How It Affected Businesses
For Exporters
US farmers benefitted, especially in soybeans and pork. But the gains were uneven and often dependent on short-term Chinese policy decisions.
For Importers
Tariffs remained on many goods, raising costs for American companies and consumers. While the deal paused new tariffs, it didn’t roll back most of the existing ones.
For Manufacturers
The shift caused many companies to diversify supply chains, accelerating the “China Plus One” strategy to reduce overreliance on any single nation.
Looking Ahead: Is Phase Two Coming?
There’s been little movement toward a Phase Two agreement. Political climates in both countries have shifted. Trust has frayed. Strategic competition has replaced economic engagement as the defining tone.
Instead of another trade deal, both sides are leaning into industrial policy, domestic subsidies, and strategic decoupling. The Phase one trade deal China US might have been the last of its kind—a handshake in an era of hardening rivalries.

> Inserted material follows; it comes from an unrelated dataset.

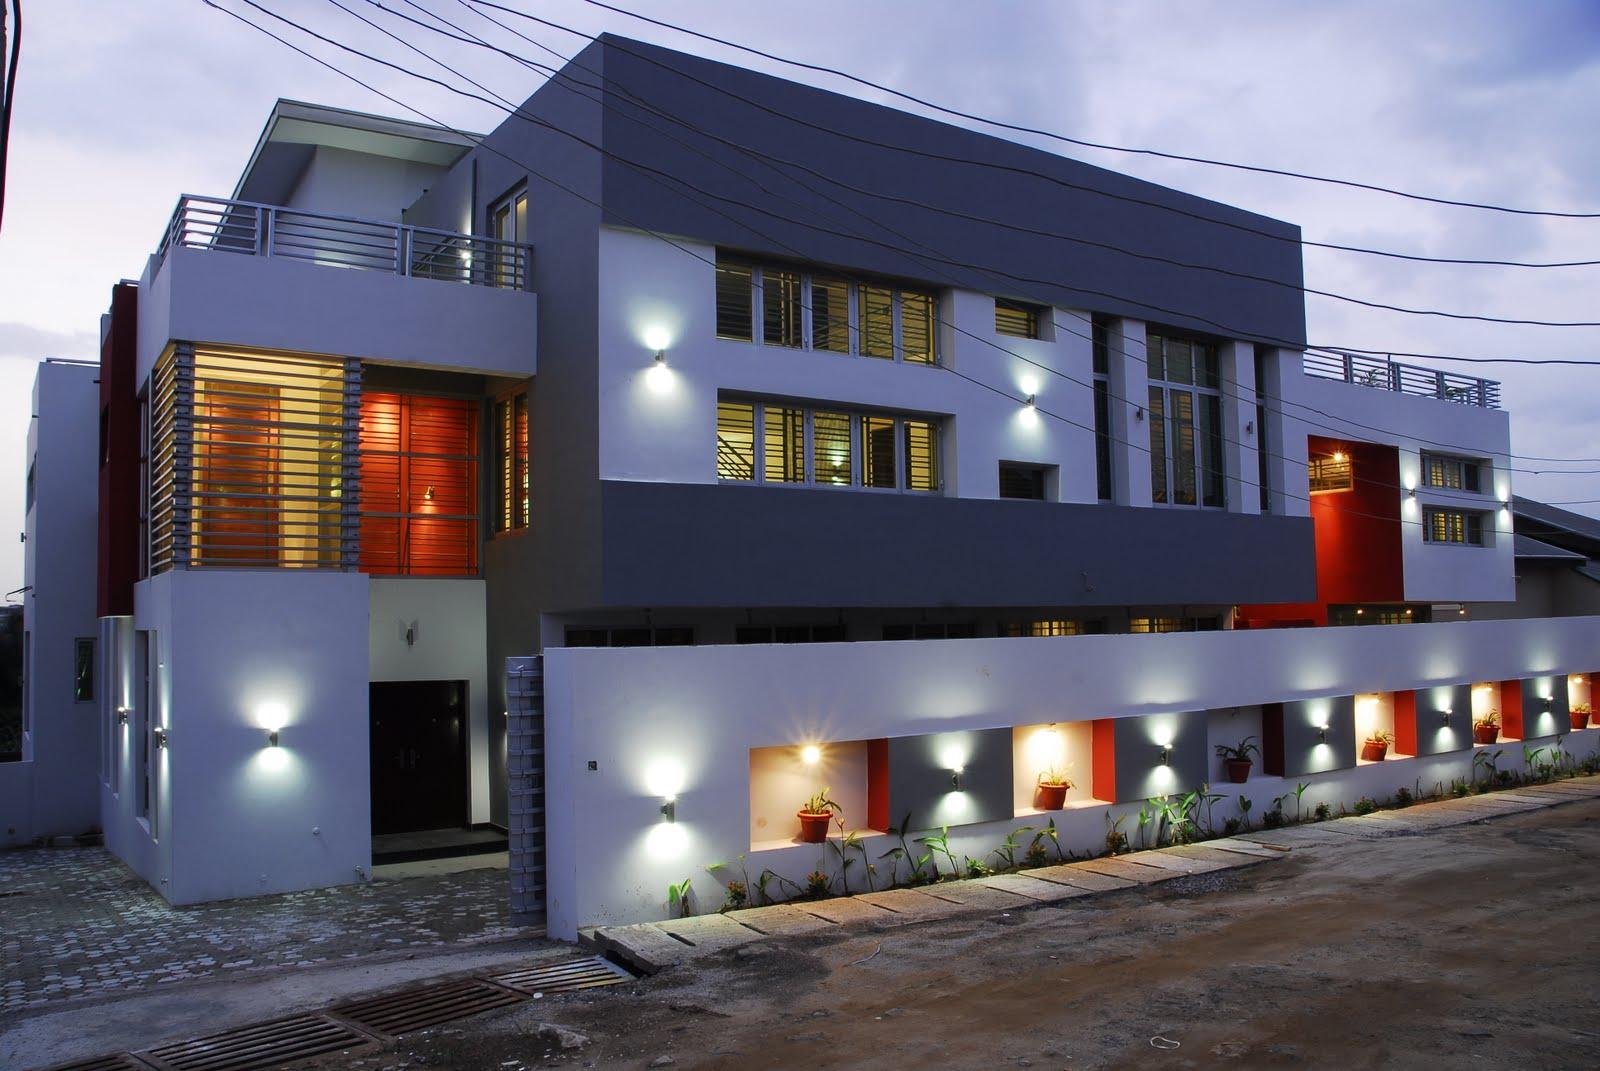 HAVEN HOMES BERTHS IN NIGERIA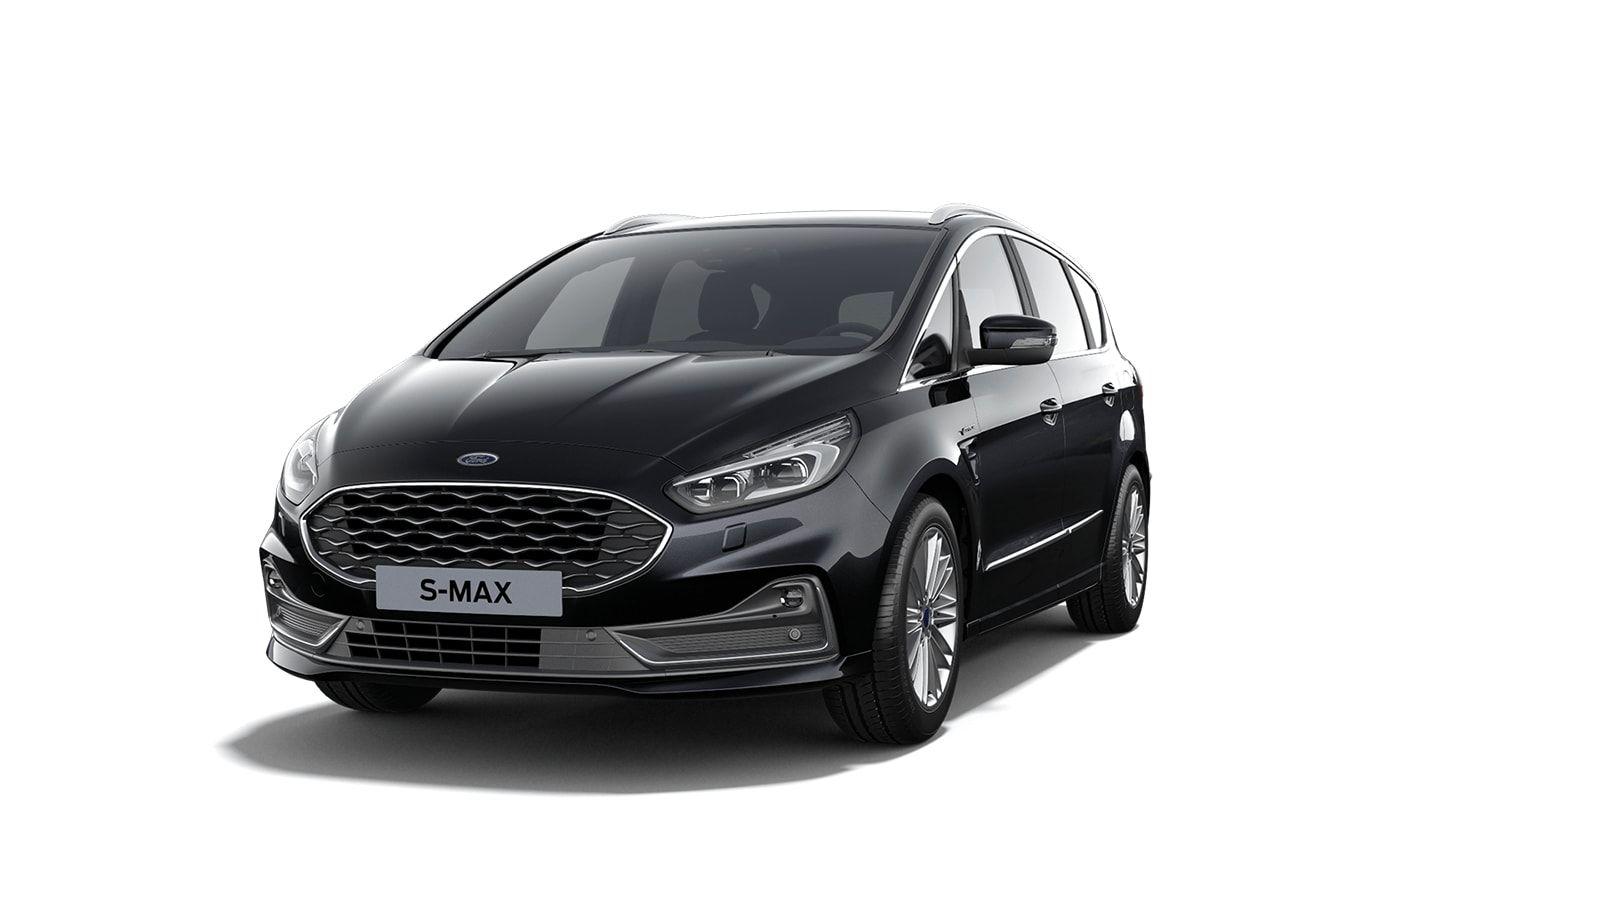 "Nieuw Ford S-max Vignale 2.0 TDCi 190pk / 139kW Auto-Start-Stop A8 - 5d 9I6 - ""Agate Black Vignale"" metaalkleur 1"

Lessons Learned from the Deal
The experience of the Phase one trade deal China US offers several key insights:
- Trade Deals Are Only Part of the Picture
Diplomatic and strategic tensions can undercut even the most detailed economic agreements. - Targets Must Be Realistic and Flexible
The pandemic revealed the risks of rigid commitments in a volatile world. - Monitoring and Enforcement Are Crucial
Without strong oversight mechanisms, deals risk becoming symbolic rather than effective. - Trade Is Now Geopolitical
Trade policy is no longer just about economics—it’s about security, influence, and resilience.
Final Thoughts
The Phase one trade deal China US agreement wasn’t perfect, but it served an important function—it broke the cycle of escalation and reminded the world of the power of negotiation over confrontation.
As we look ahead, the dynamics between China and the US are shifting rapidly. Supply chains are reconfiguring. New alliances are forming. Tariff policies are evolving. But the lessons from this deal remain as relevant as ever.
In an increasingly multipolar world, diplomacy, patience, and smart strategy will be the keys to stability—and prosperity.